Я деланно возмущаюсь:
— Как, стол еще не накрыт! Где устрицы, где бургундское, где коньяк «Наполеон», наконец?
Мари смеется:
— Брось валять дурака. Ведь привез же московскую водку, икру, выкладывай, у мальчишек уже слюнки текут.
Я действительно привез и водку, и баночку икры, и даже корюшку маринованную, и, конечно же, буханку нашего, ленинградского «черного» круглого хлеба.
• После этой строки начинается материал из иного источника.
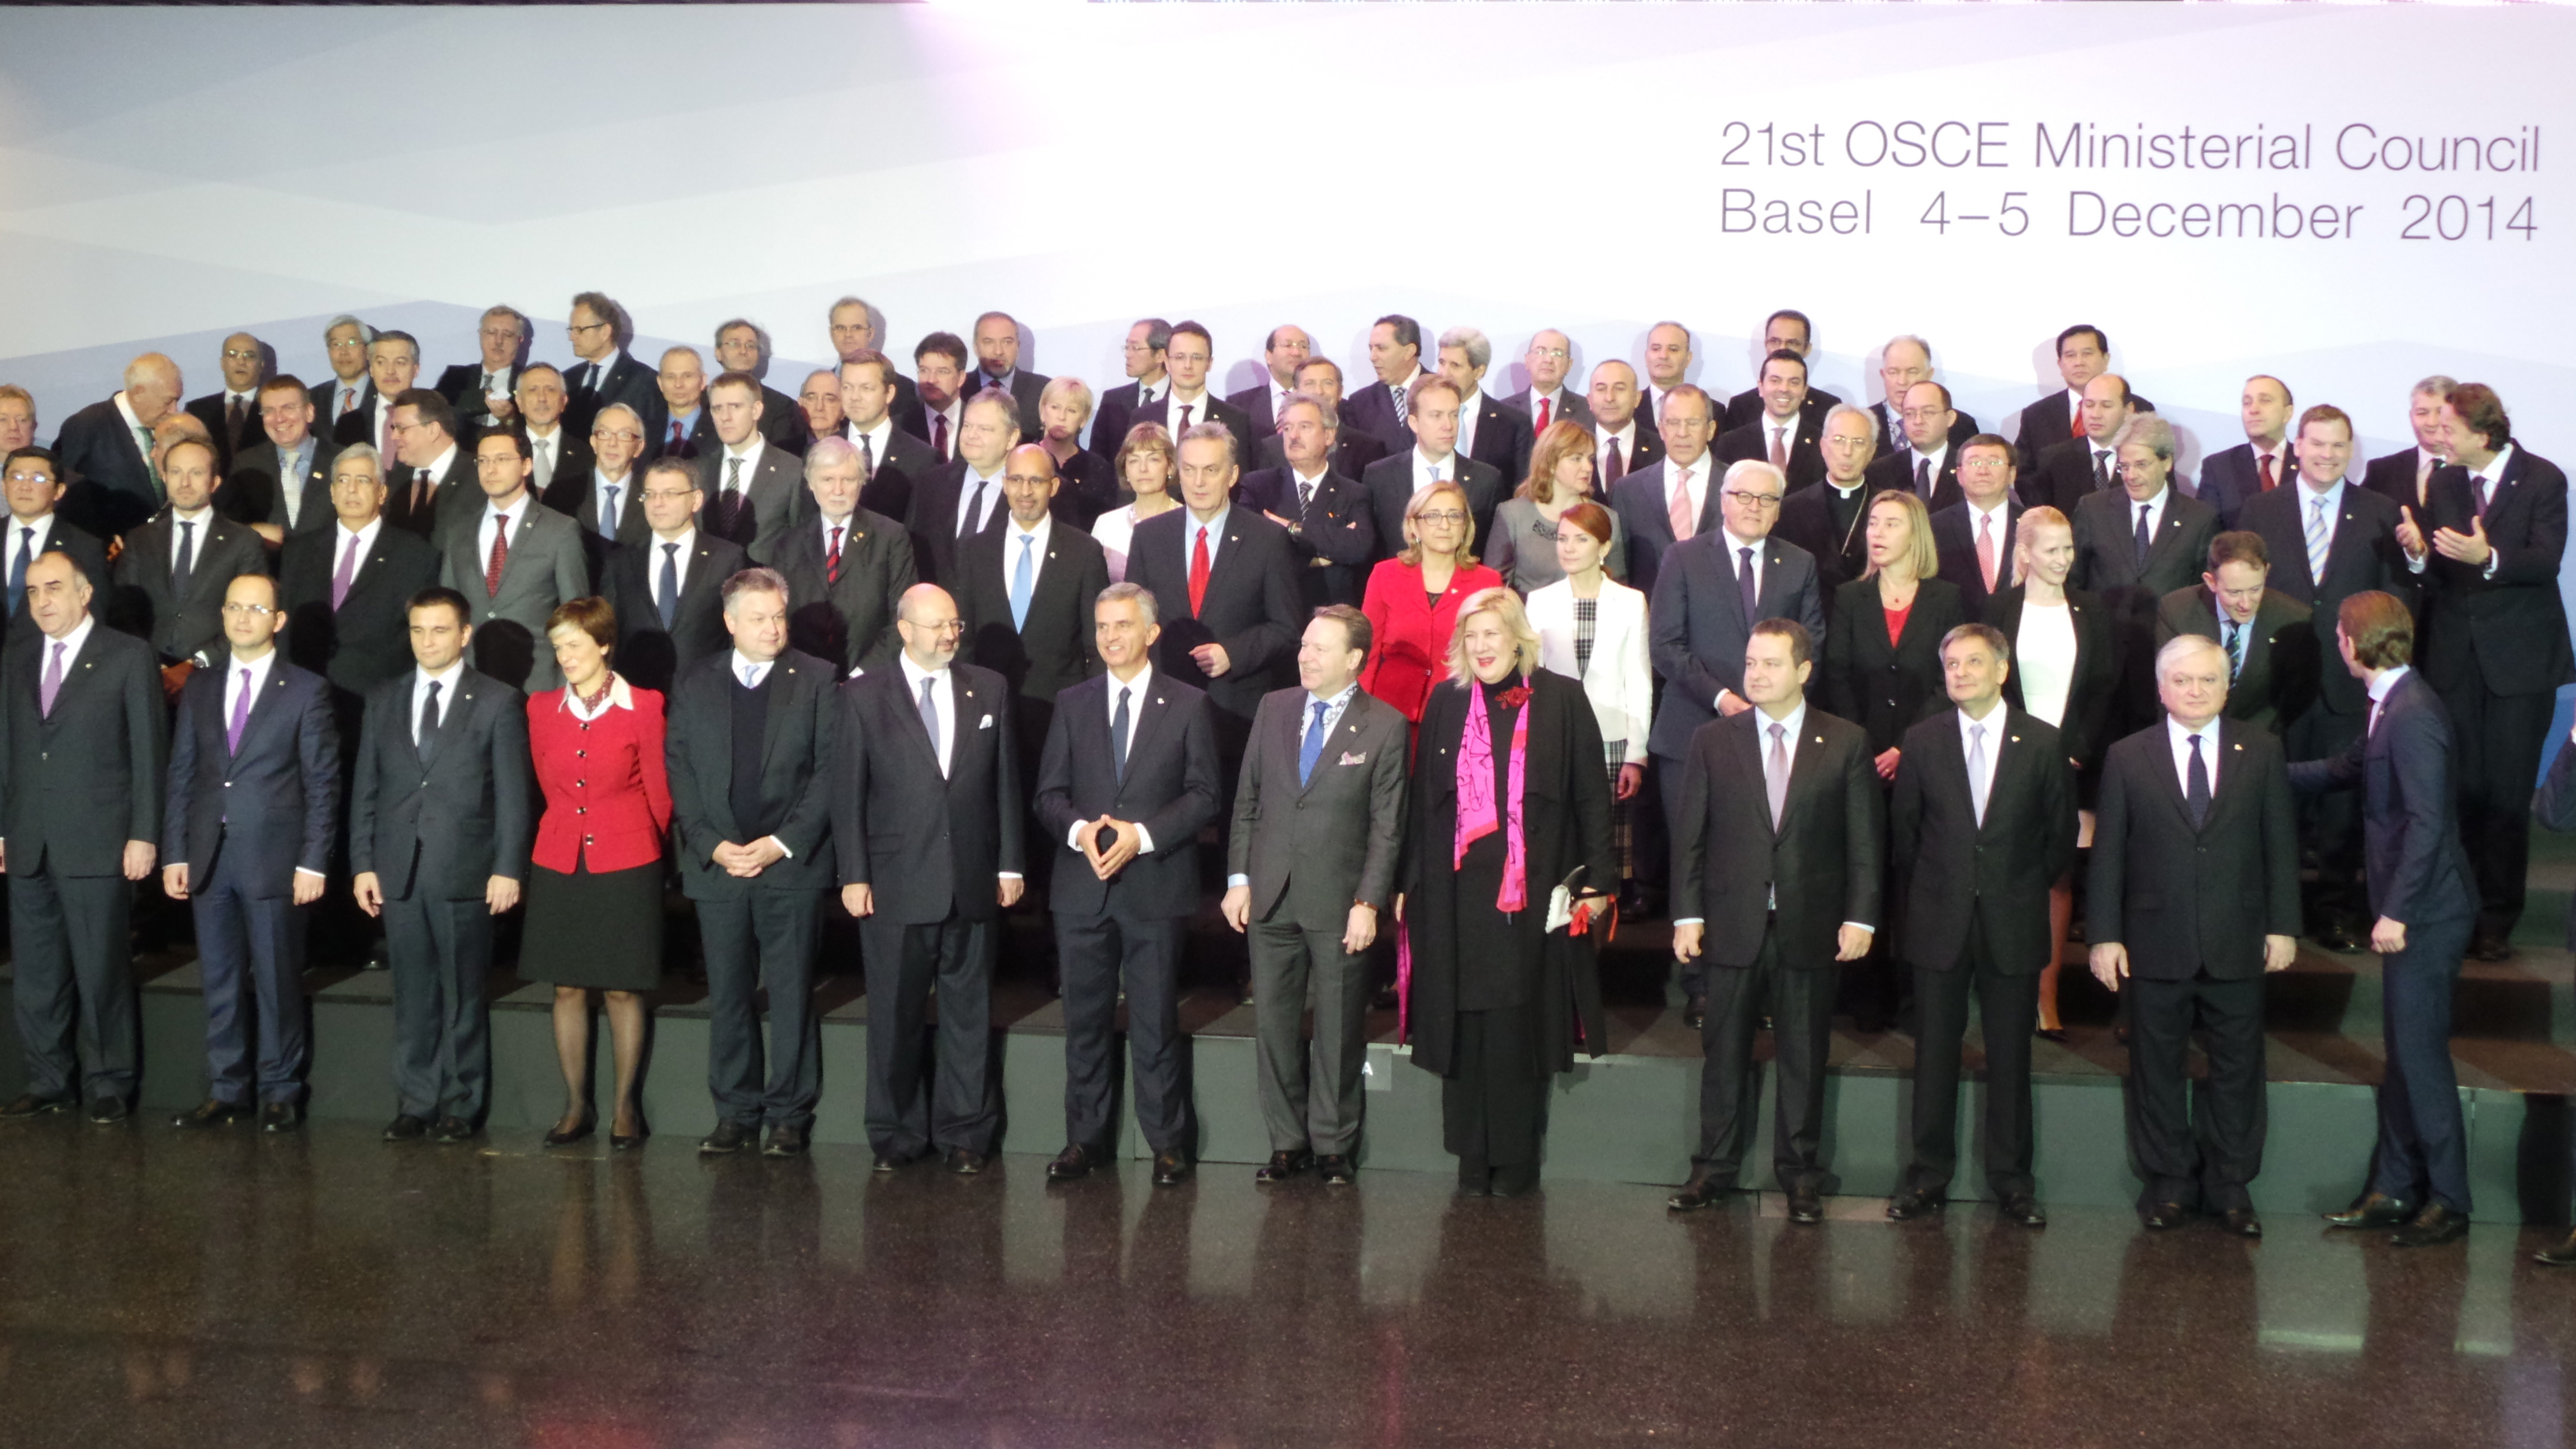 Group picture of the foreign ministers taking part in the 2014 Ministerial Council meeting in Basel

— Ты ничего не понимаешь, — говорила Мари, когда мы расселись за столом. — Мы с Мишкой, так сказать, средние французы. — Она назвала свою и его зарплату, сложила их и затем стала вычитать: — Квартира — раз, сравнительно, по французским ценам, недорогая, мы живем не в частном, а в муниципальном доме. Но просрочить плату нельзя ни на один день. Страховка за квартиру и машину — два. Кредит за мебель — три… — Она стала загибать пальцы уже на второй руке. — Остается как раз на еду и одежду. Но ведь надо, как это у вас говорят, но мало кто делает, еще и на черный день откладывать. А вдруг моя контора обанкротится или заболеем? Ты уж, конечно, побегал по магазинам? Видел, есть и дубленки, и замша, и кожа. А обратил внимание: сколько парижан в дубленках ходит? У нас с Мишкой их нет, и икру в Париже ложками не едят. Я сегодня прикинула: нас четверо, да ты, всего за стол сядут пять человек. Купила пять кусочков ветчины, салат, пять кусков мяса, пять бананов. Не волнуйся, бутылка вина в доме есть, только «Наполеона» не будет, переживешь. Ты ведь ужинал в гостинице, не голодный сюда пришел? Здесь в гости ходят разговаривать, а не есть…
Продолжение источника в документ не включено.